* [Excerpted data]:

* * * *

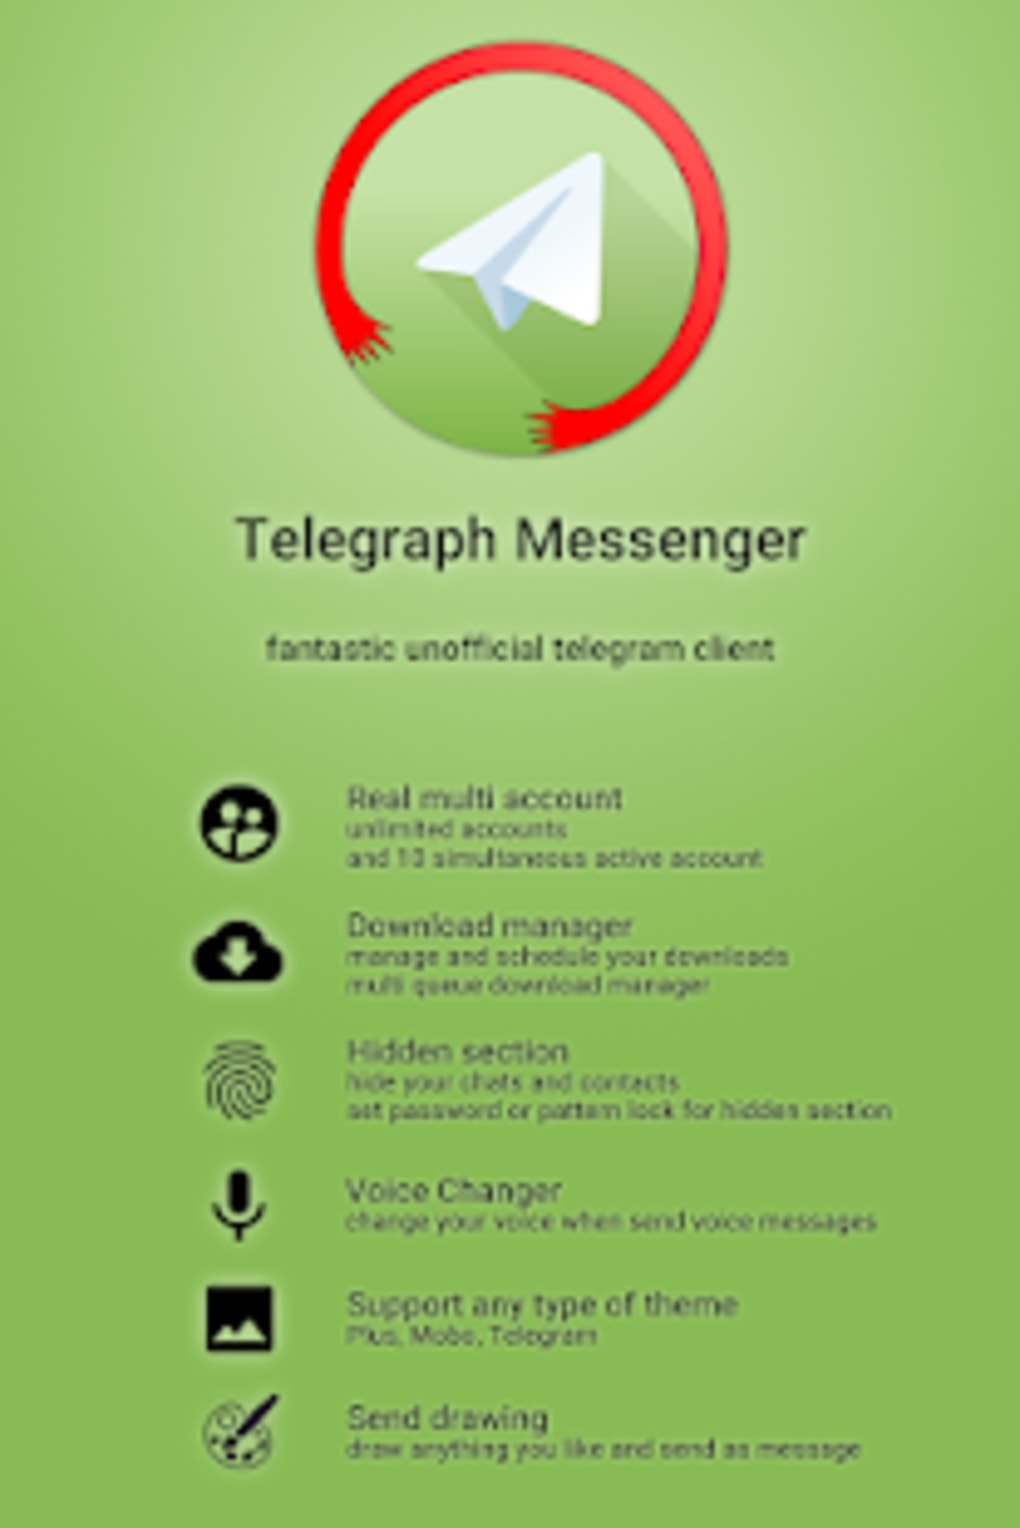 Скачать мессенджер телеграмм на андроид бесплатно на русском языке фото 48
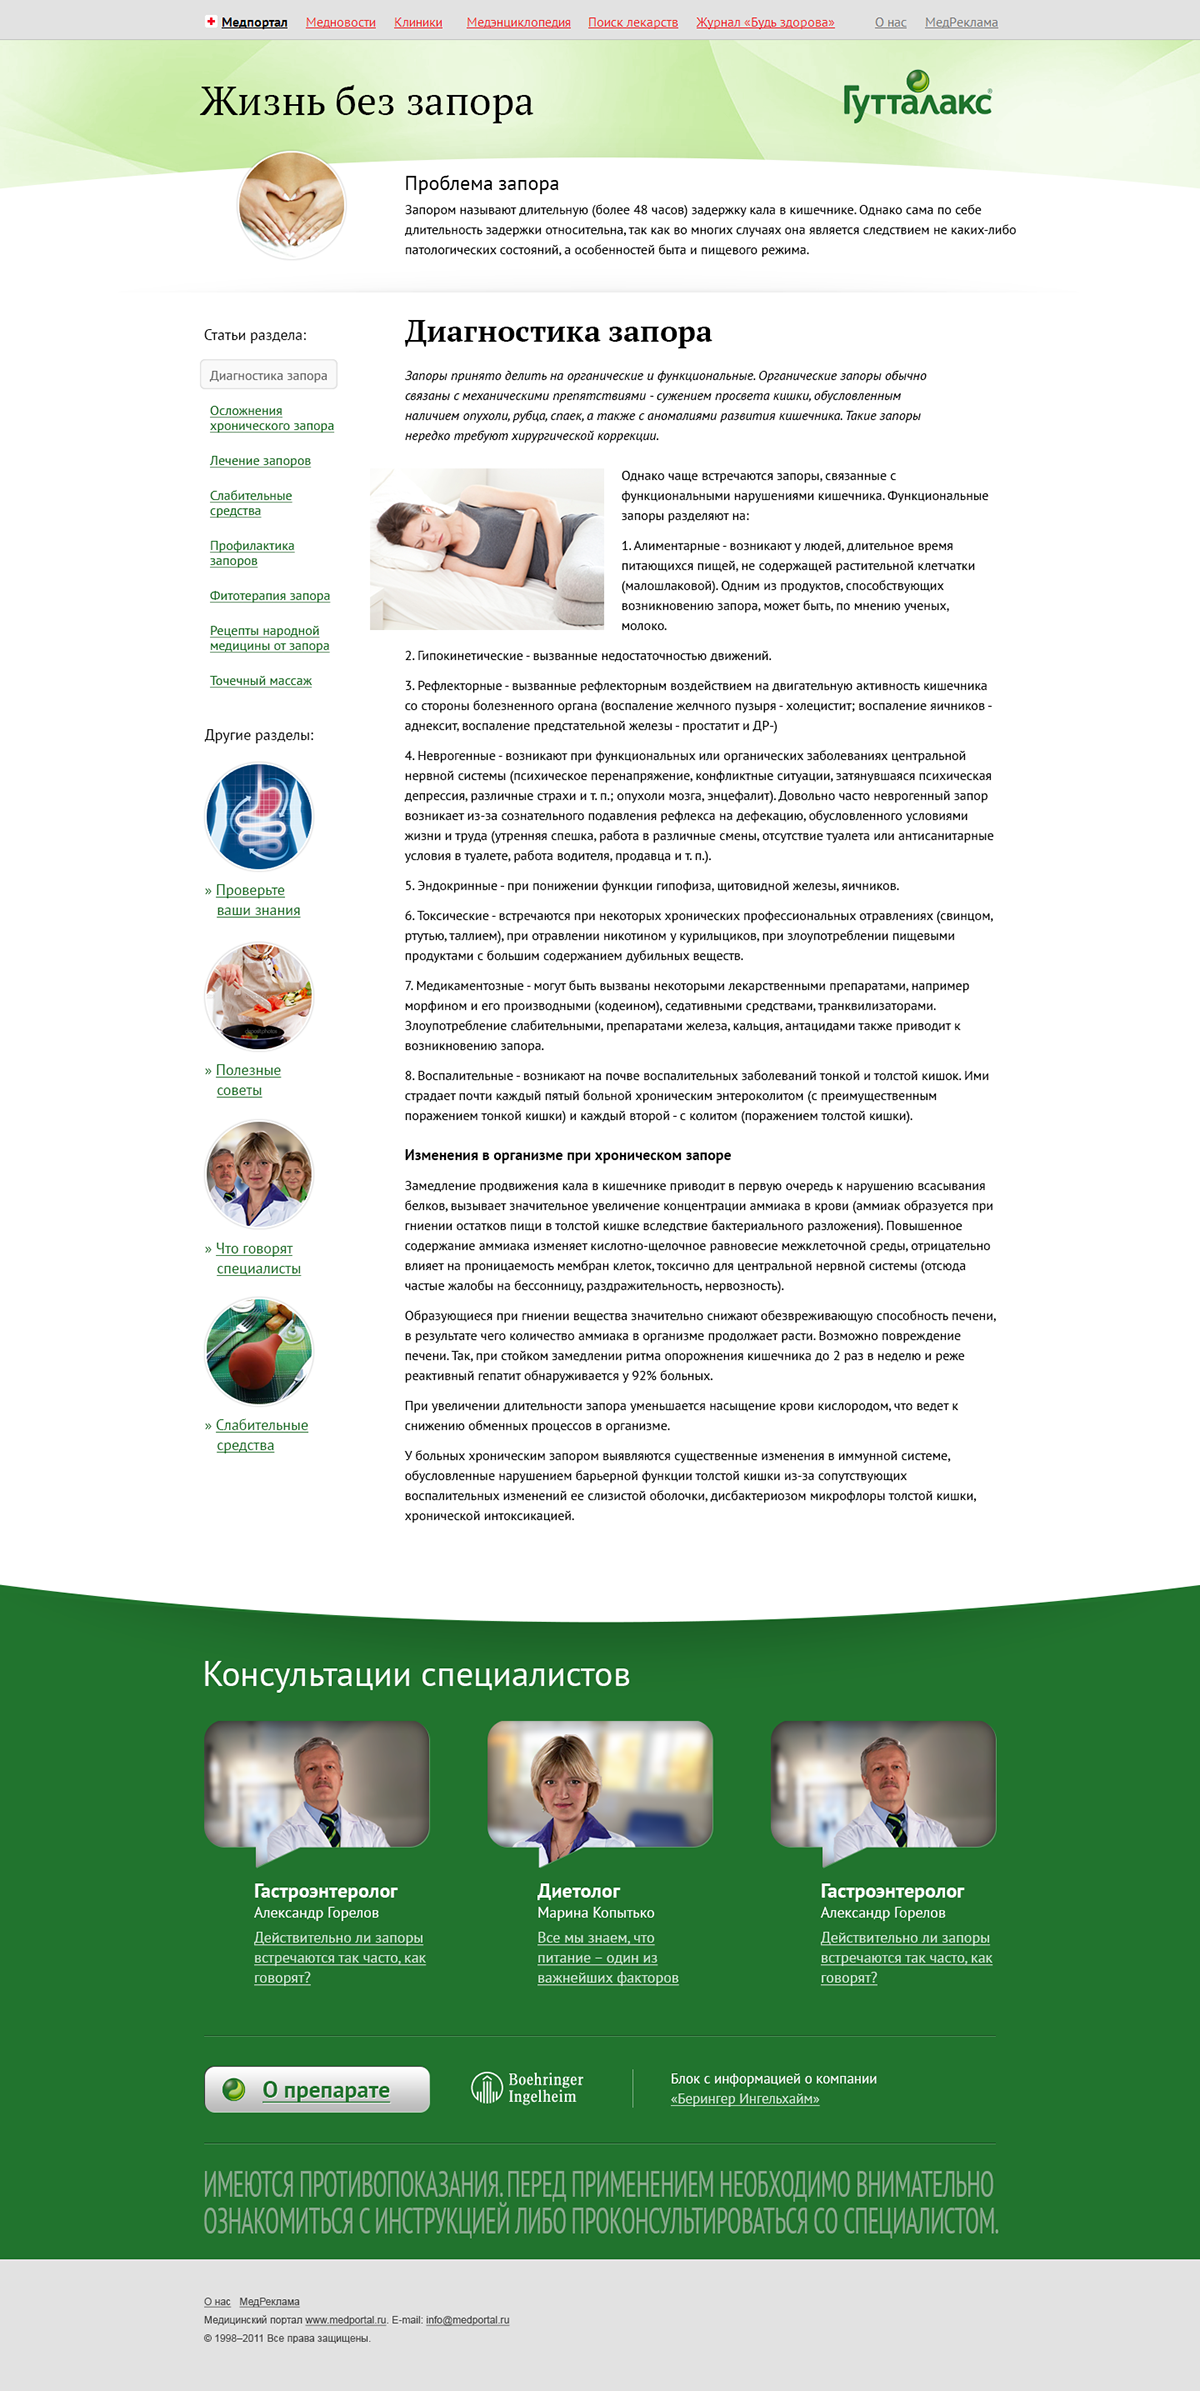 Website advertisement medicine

* * * *

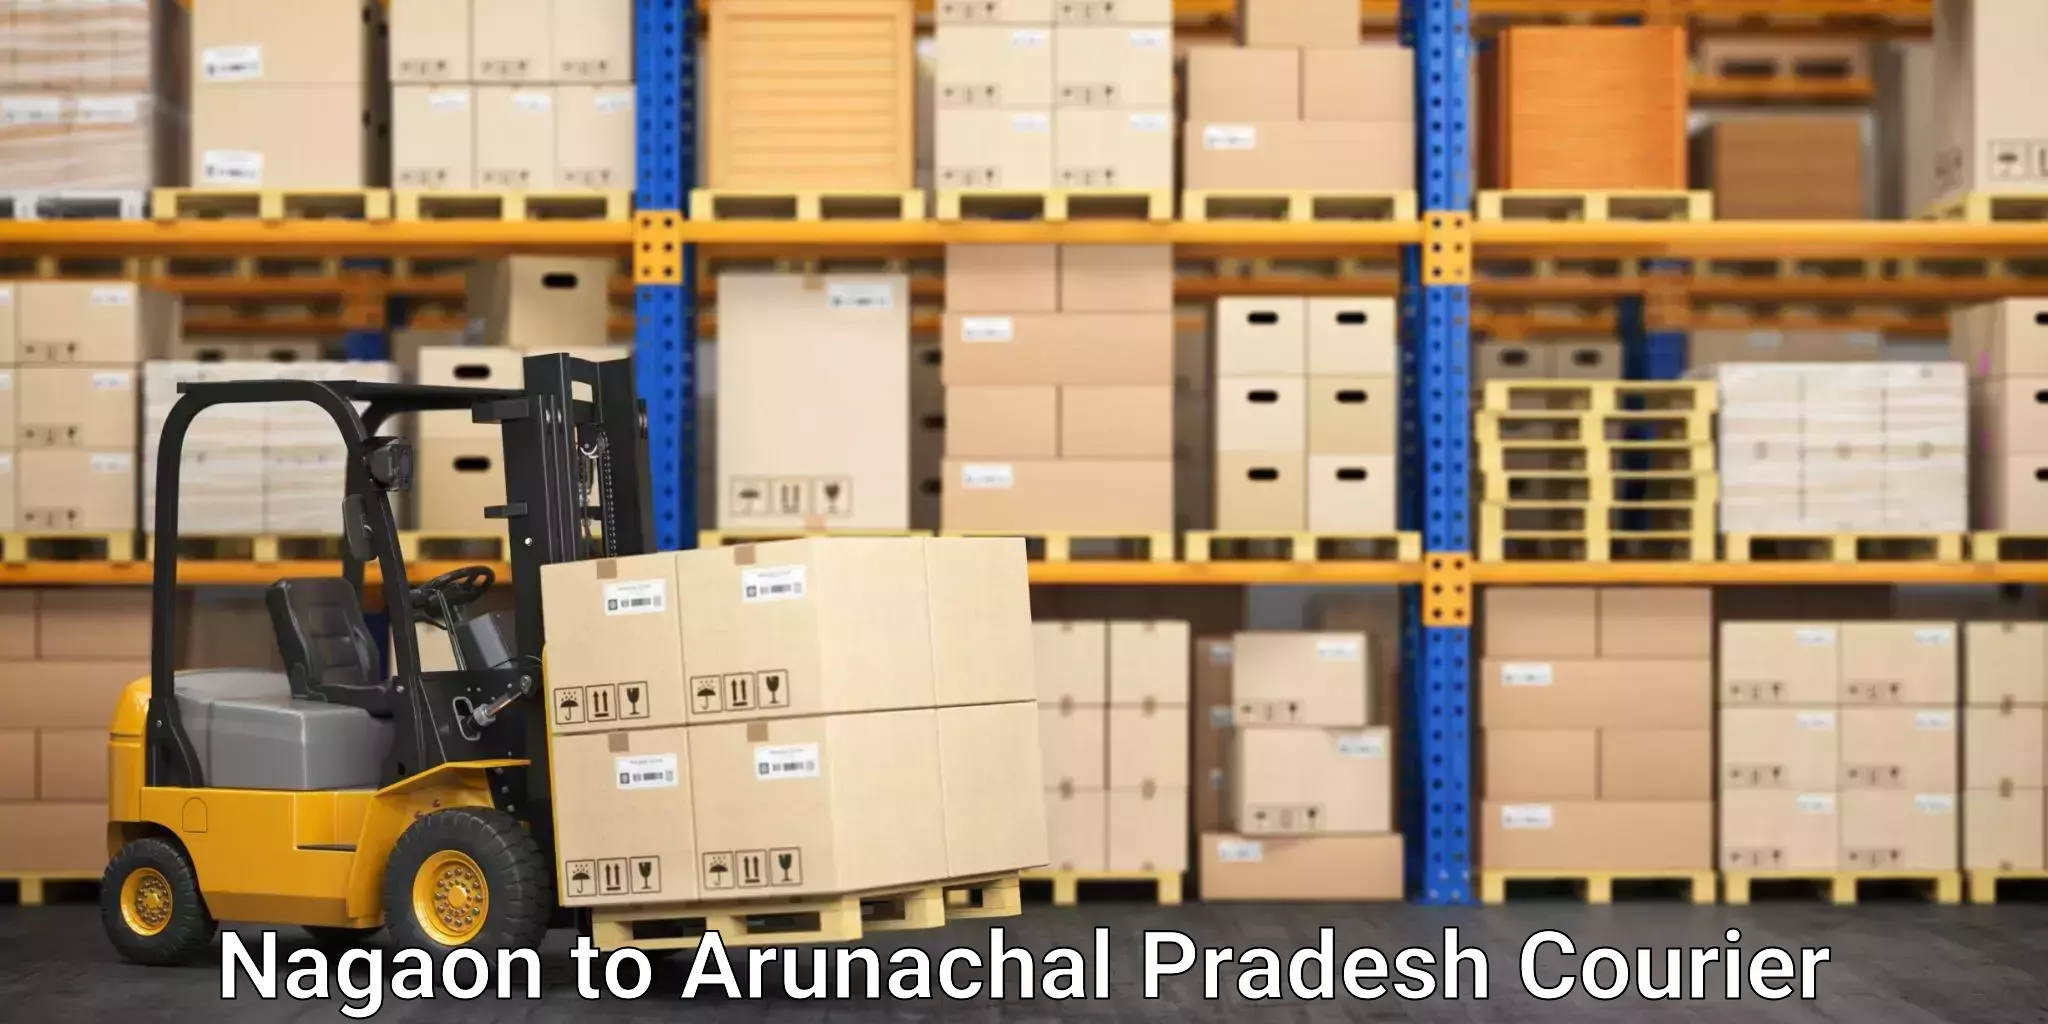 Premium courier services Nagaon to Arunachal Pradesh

* * * *

* [Exercise objective]: Going by the entries above, repeat exactly the lines that start at the line with "Скачать мессенджер телеграмм" and go on through the line with "Website advertisement medicine". Pictures are not part of the copy.

* [Response]:
 Скачать мессенджер телеграмм на андроид бесплатно на русском языке фото 48
 Website advertisement medicine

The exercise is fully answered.